Python实现百度贴吧自动签到
本帖最后由 Eureka8 于 2022-8-6 12:57 编辑## 背景
嘿嘿嘿,刷百度贴吧太爽了,但是等级太低在贴吧中发言貌似显得比较萌新,然而除了水贴之外升级最重要一个途径便是签到,关注了很多吧,每天一个一个点签到太麻烦了,怎么才能更方便快速地一次把关注的吧全签到了呢?
## 有了!
百度贴吧签到是POST请求,不如使用Python中的request模块,通过编写一键签到脚本来实现这个需求吧!
## 指定计划!
1. 在"关注的吧”页面中,使用BeautifulSoup模块解析页面,得到所有已经关注的贴吧
2. 通过抓包得到“签到”的请求地址,顺便获取请求头相关信息(User-Agent和Cookies)
3. 编写Python代码,大功告成!
## 开始行动!
### 1.分析得到贴吧“签到”的请求地址
直接到任意一个已经关注的贴吧的主页,打开F12,我使用的是谷歌的调试工具,打开“网络(Network)”标签,开始抓包!
[![](https://s2.loli.net/2022/08/03/kXGZWyH4YIbejDz.png)](https://s2.loli.net/2022/08/03/kXGZWyH4YIbejDz.png)
点击“签到”按钮,得到POST请求地址和参数
[![](https://s2.loli.net/2022/08/03/HGCRbncqNsZhJO9.jpg)](https://s2.loli.net/2022/08/03/HGCRbncqNsZhJO9.jpg)
[![](https://s2.loli.net/2022/08/03/bGzuivF8Z5xlmBh.jpg)](https://s2.loli.net/2022/08/03/bGzuivF8Z5xlmBh.jpg)

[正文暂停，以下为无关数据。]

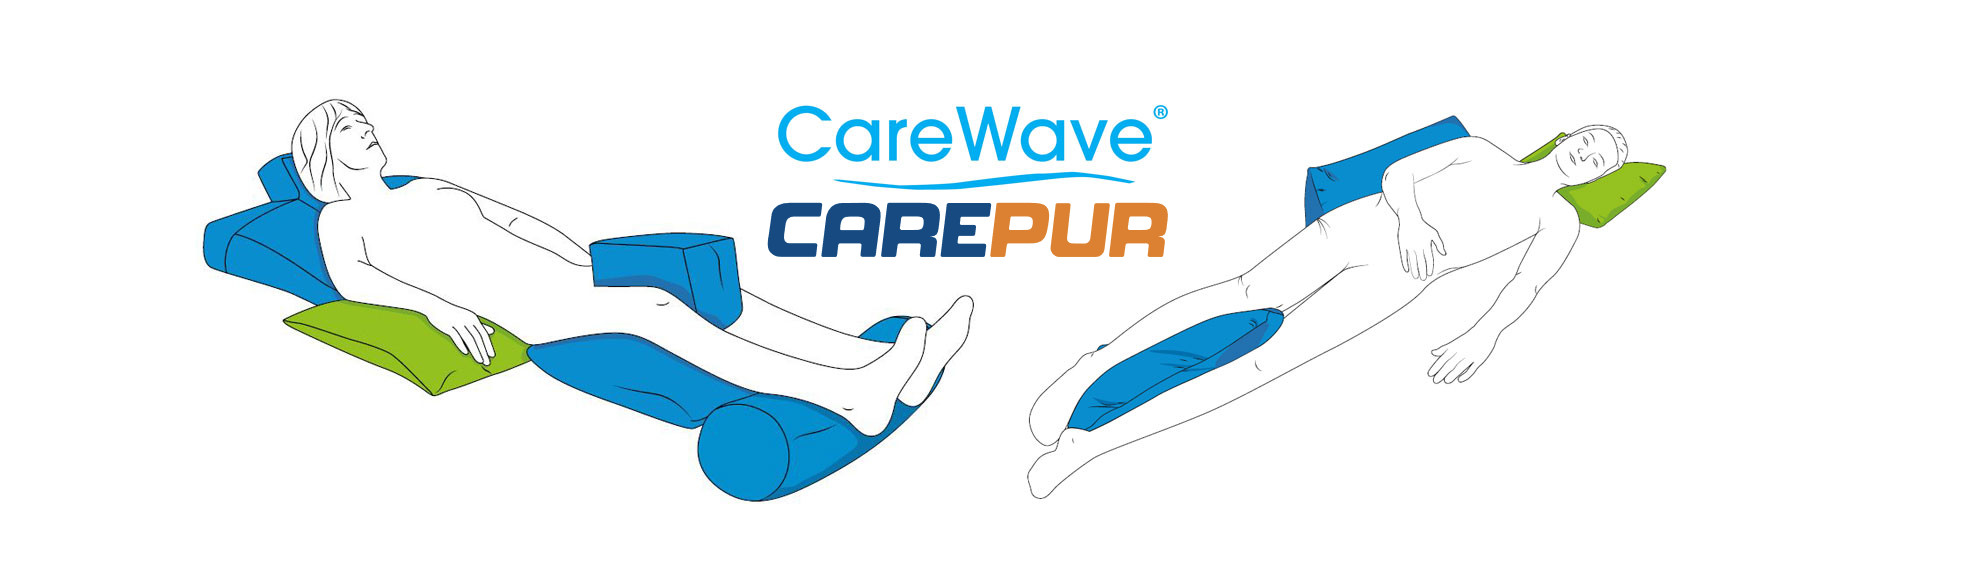 Lagerungskissen CareWave // CarePur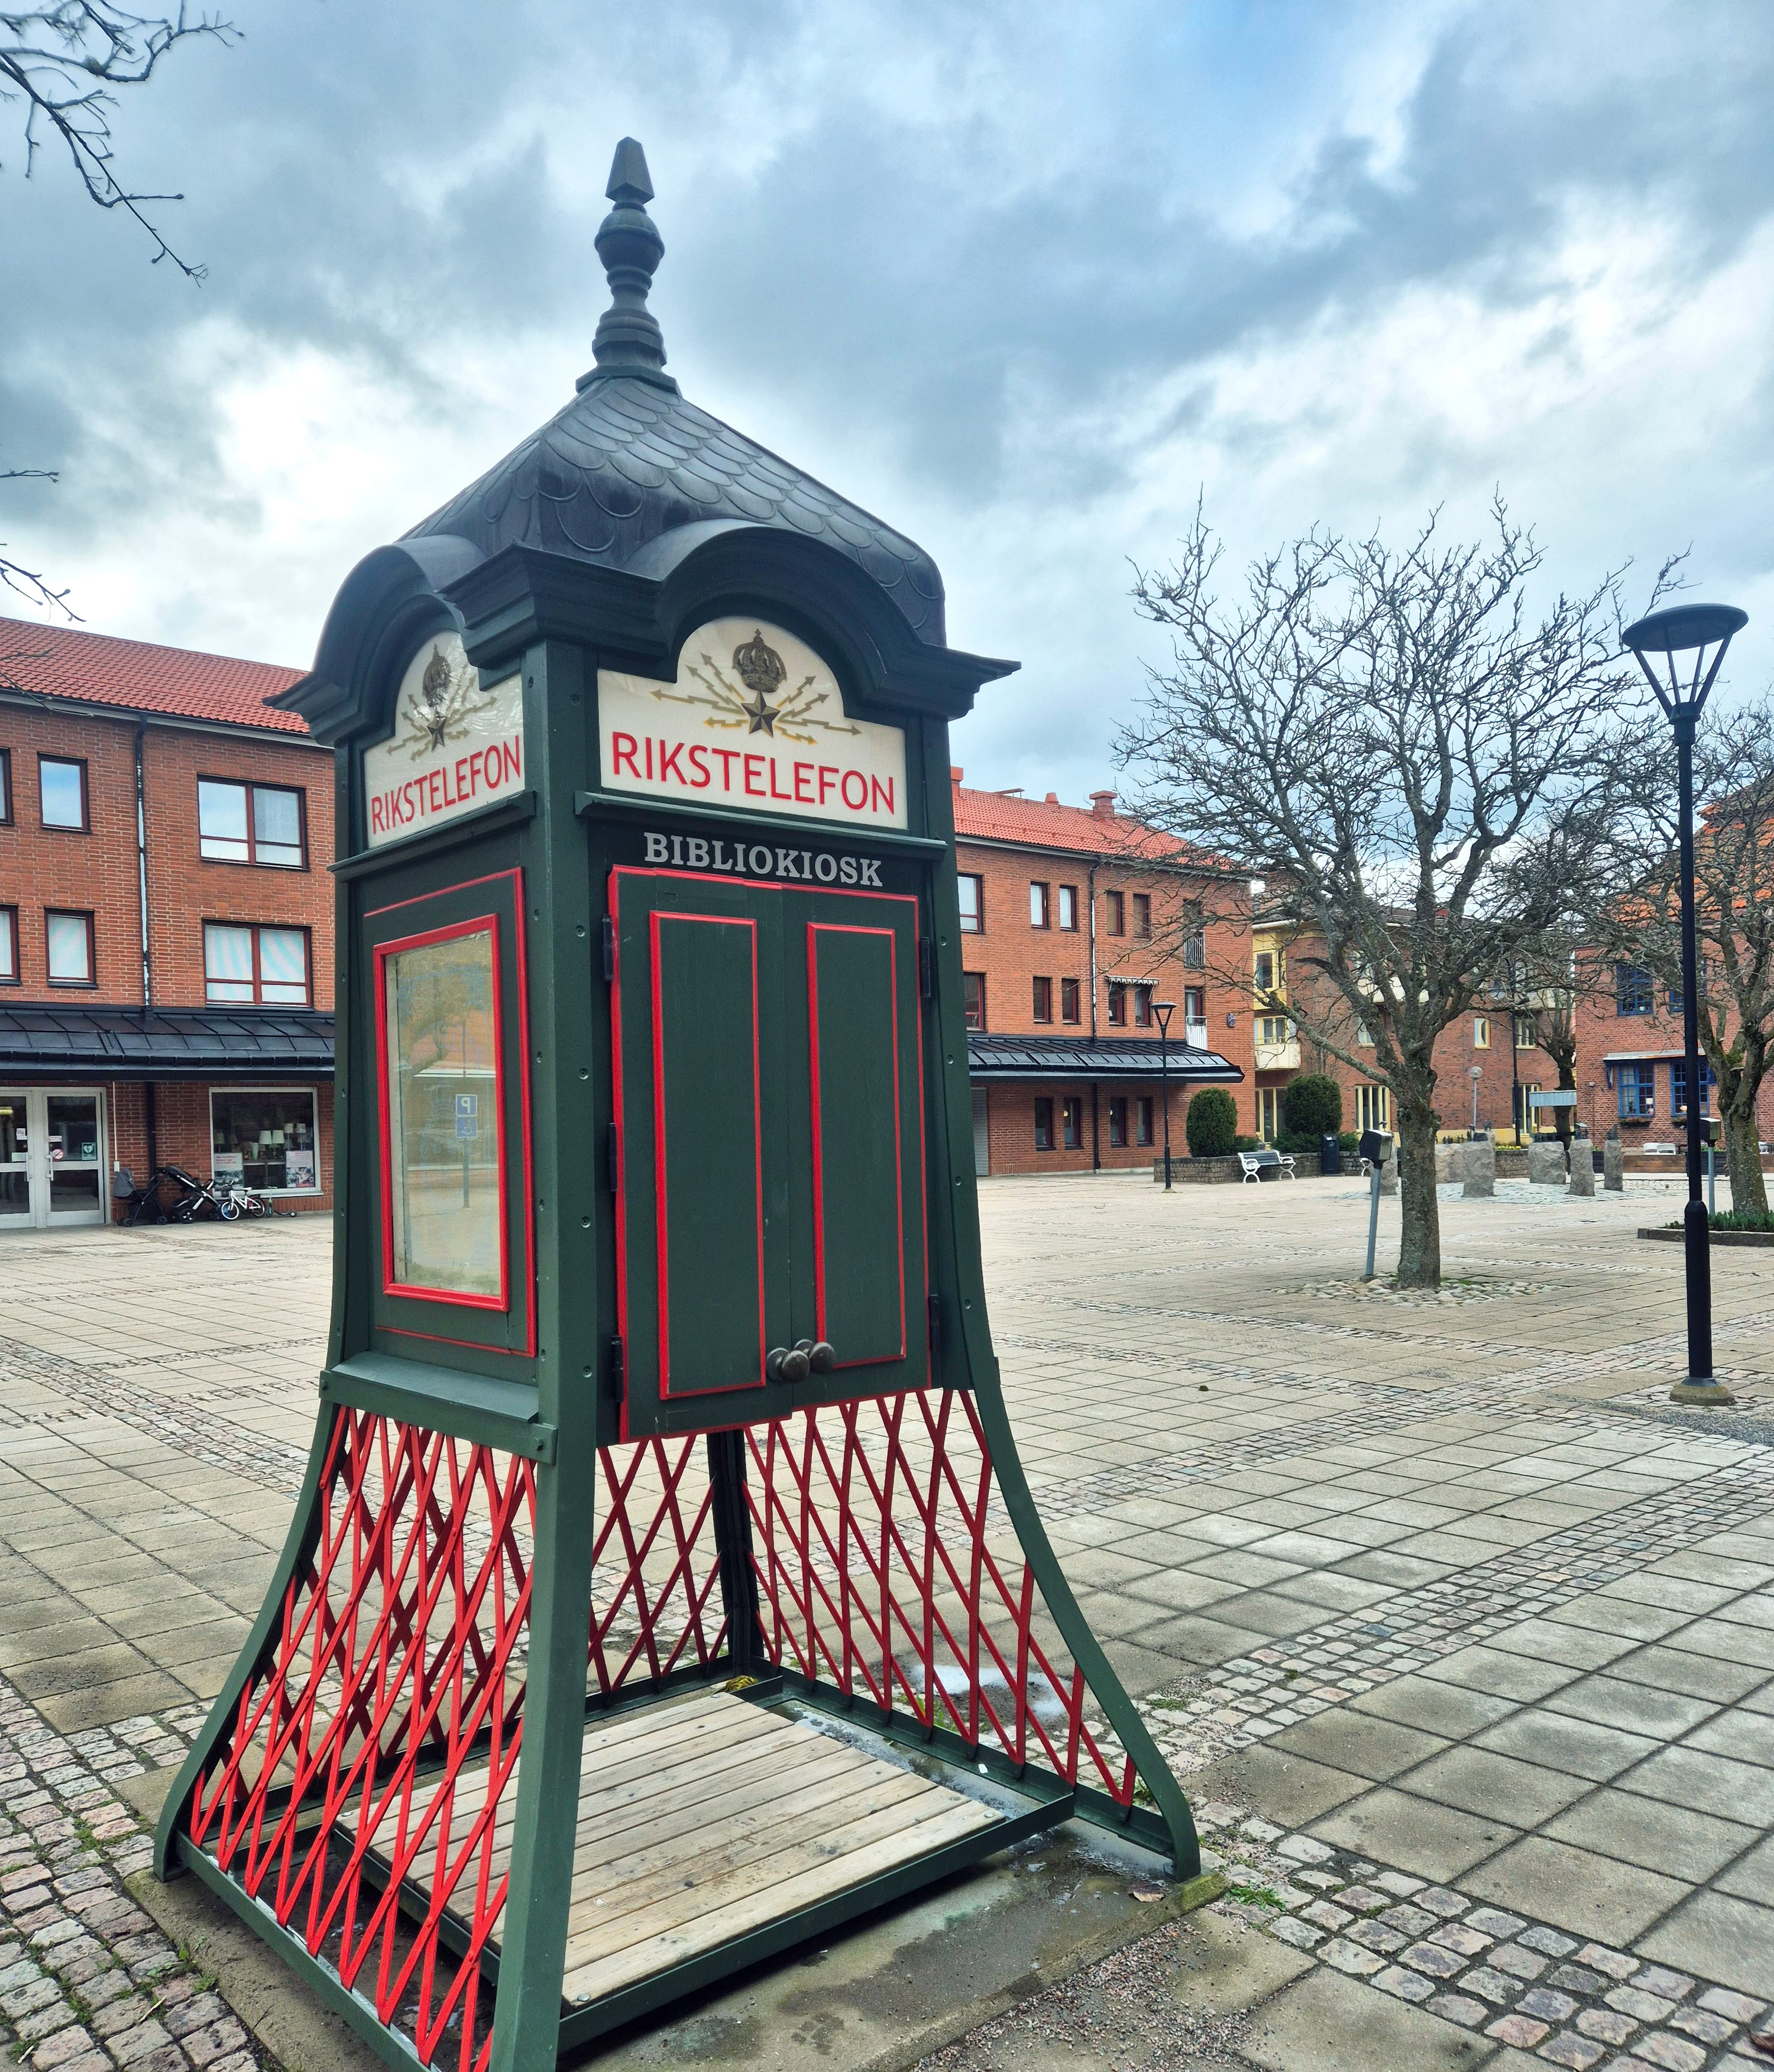 Bilden visar rikstelefonkiosken på torget i Skillingaryd, en grön telefonkiosk med röda detaljer. Ovanför dörrarna står det "Bibliokiosk" med vita bokstäver.

有三个参数,“ie”指的就是编码,默认即可,“tw”经过测试发现指的就是贴吧名字,需要添加变量,而这个“tbs”是什么呢?经过测试发现每次都在变,所以先在页面Ctrl+U得到HTML代码,搜索试试!
[![](https://s2.loli.net/2022/08/03/SZ1qYOABFGDx4Ct.jpg)](https://s2.loli.net/2022/08/03/SZ1qYOABFGDx4Ct.jpg)
喔,果然搜到了,看来还需要使用一些操作得到这串字符啊!
没关系,交给正则表达式来解决!
[![](https://s2.loli.net/2022/08/03/RoXlE5S4bKdCZ7M.jpg)](https://s2.loli.net/2022/08/03/RoXlE5S4bKdCZ7M.jpg)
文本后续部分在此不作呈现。